Изменить стиль страницы

По прошествии некоторого времени усилия Грабаря, открывшего для себя на этой выставке подлинный масштаб дарования Коненкова{Н. В. Нестеров в письме к своему другу Турыгину (18 января 1917 г.) сообщает о недооценке Грабарем искусства Коненкова: «…два слова о «Девушке» или «Русской Венере» Коненкова. Вот великолепное русское создание! Едва ли не гениальное и, во всяком случае, лучшее, что сделано русской скульптурой за громадный промежуток времени. Однако и тут мы верны себе — статуя Коненкова (дерево) еще никем не куплена. Грабарь не берет ее потому, что Коненков «не их прихода»…»

Вспомним, что в это время И. Э. Грабарь стоял но главе Третьяковской галереи, и его неприятие Коненкова значило гораздо больше, чем недооценка одним из искусствоведов одного из скульпторов.}, стали приносить результаты.

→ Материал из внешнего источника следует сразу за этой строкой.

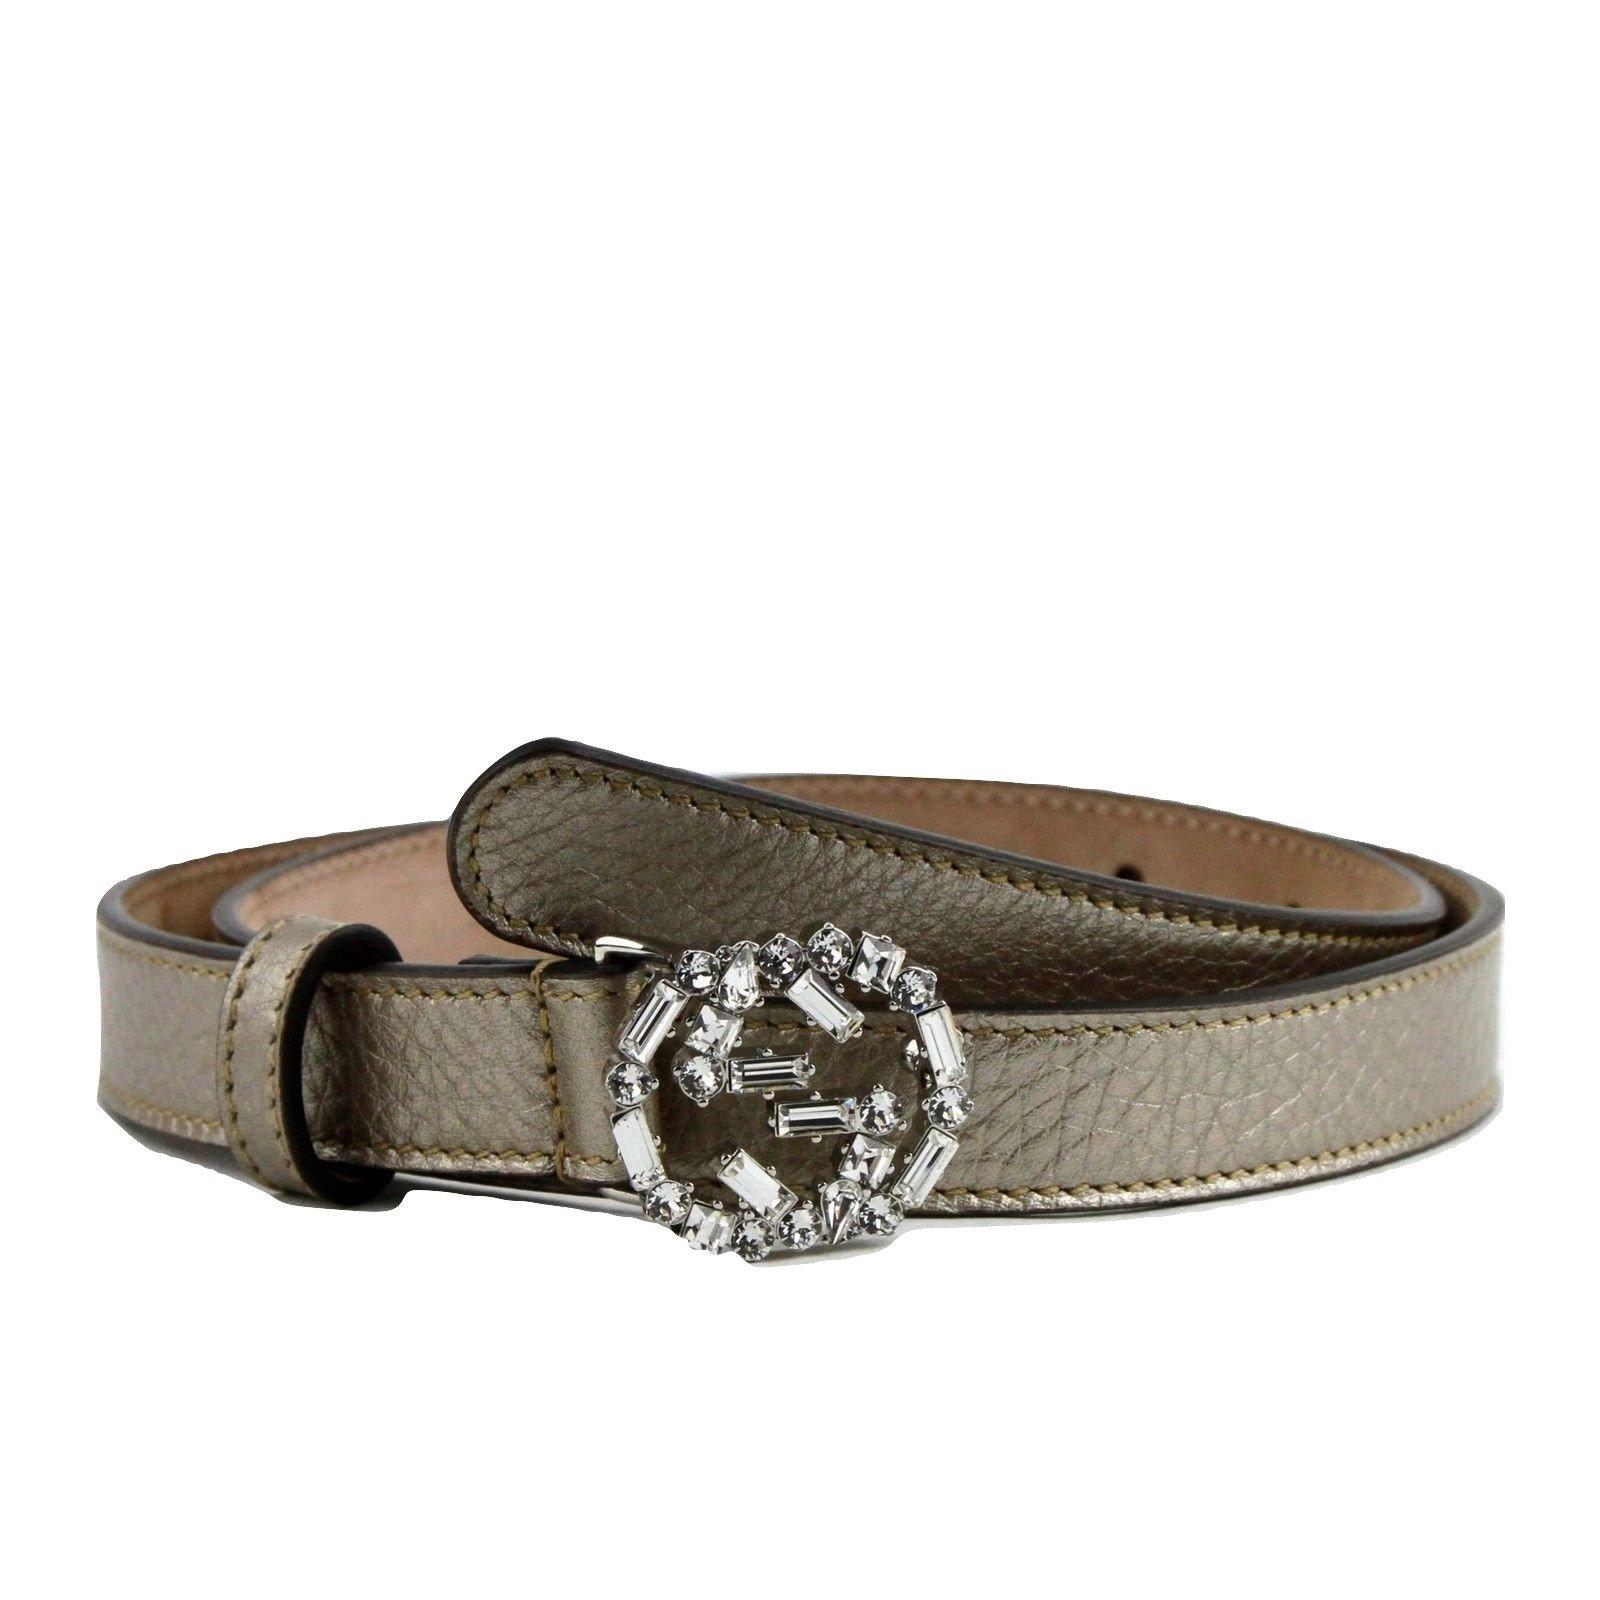 Gucci Women's Interlocking Crystal G Leather Skinny Belt 354380 (80 / 32, Metallic Beige)

У американцев с помощью мыслящих искусствоведов вскоре открылись глаза. «Произведения Коненкова выполнены с той правдой, которая присуща гениям», — известил читающую публику журнал «The Spur». Рецензент журнала «The Brooklyn Eagle» писал: «Странное впечатление, которое каждый испытывает, глядя на его скульптуры из дерева, заставляет считать Коненкова магом… Это шедевры из шедевров». Художественный критик, доктор Кристиан Бритон совершенно забывает об академической сдержанности, свойственной людям его круга; «Какая пластическая сила… Какая гениальная правда… Какое художественное обаяние исходит от деревянных скульптур Коненкова». Честолюбие не чуждо гениям. Удовлетворенное честолюбие обеспечивает им относительный душевный покой, неудовлетворенное — источник душевных терзаний. Пожелание грамоты-напутствия начинало сбываться. Ему, Коненкову, кажется, удалось заставить американцев задуматься о том, «какие силы таятся в недрах России». Однако нельзя забывать, что эти восторженные отзывы появились не сразу.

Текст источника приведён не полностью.